Through the years, I’ve learned a few things about finding real bargains, and I have gotten a number of free items, but I have also encountered some bogus deals along the way. For some people, just one bad deal can lead them to give up bargain hunting forever. I decided to stick it out, and along the way, I have learned some things about how to separate the deals from the scams.

Do your research

If you see a deal posted that you are interested in, but you are not familiar with the company, make sure that you do your research first. Visit their website and look for contact information. If phone numbers or e-mail addresses are posted, try contacting the company. If you can’t locate a working phone number, that is usually a sign that the company is not legitimate or reputable. If the company is not located in the United States, you may also want to be cautious.

Try using a search engine to search for the company. See what others have posted about their experiences with the company. “No news is good news” is not a good rule of thumb when dealing with online deals. If you are unable to find any information about the company, then you probably want to wait before jumping on the deal.

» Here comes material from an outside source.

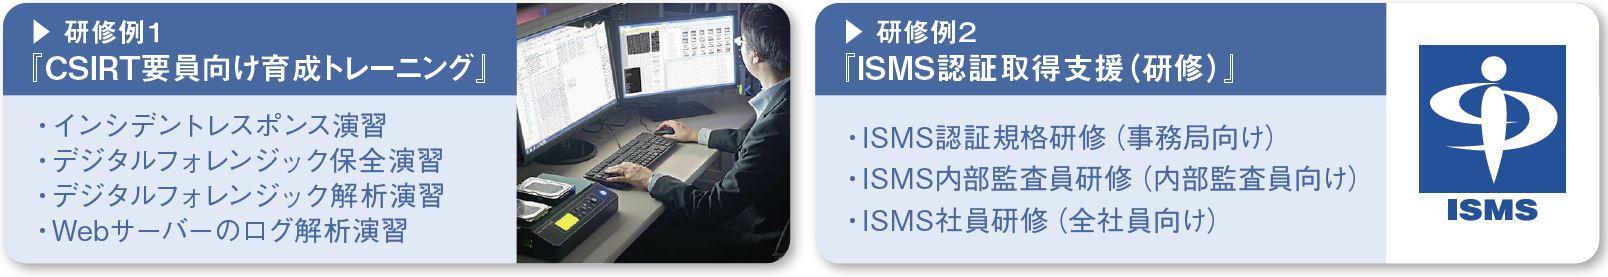 研修例1「CSIRT要員向け育成トレーニング」、研修例2「ISMS認証取得支援(研修)」

Visit message boards to see what others are saying about their experiences with the company. Sometimes it pays to wait awhile so that you see if the deal really works out.

Look for the “catch” 

I have gotten some great deals through the years, but more often than not, if a deal sounds too good to be true, it probably is, especially if you are dealing with a company that is not well known. Be sure to read the fine print on offers. If you are trying to take advantage of a deal that is supposedly free, you should not have to give any payment information. If you are asked to provide payment information, then there is probably a “catch.” For example, you may get a free trial for a specific time period and then you will be charged a fee once the free trial is over. These offers are not necessarily bad, but you need to make sure that you are fully aware of the terms when you sign up for the offer. Do not give payment information unless you are accessing the site via a secure connection and have researched the company to ensure that they are legitimate.

Comparison shop

Sometimes companies will advertise a deal that in reality is not much of a deal. You may think you’re getting a good deal because the company advertises that the prices are 50-70% off, but if you comparison shop, you may find out that their discounted prices are comparable with regular prices that other stores are offering.

Keep records

When you take advantage of an online deal, keep a record of it. I keep a file that includes the date of my transaction, the terms of the deal, and contact information for the company. When I receive the offer, I update my file so that it includes the date that I received the item.

It is also helpful to take a screen shot of the page that lists the terms and conditions of the offer. Some companies, even ones that are relatively reputable, have been known to change the terms of an offer after the fact.

If you are the victim of an online scam, report the company to the Better Business Bureau. If you have an address or other contact information, you can also try contacting the Attorney General’s Office in the state where they are located.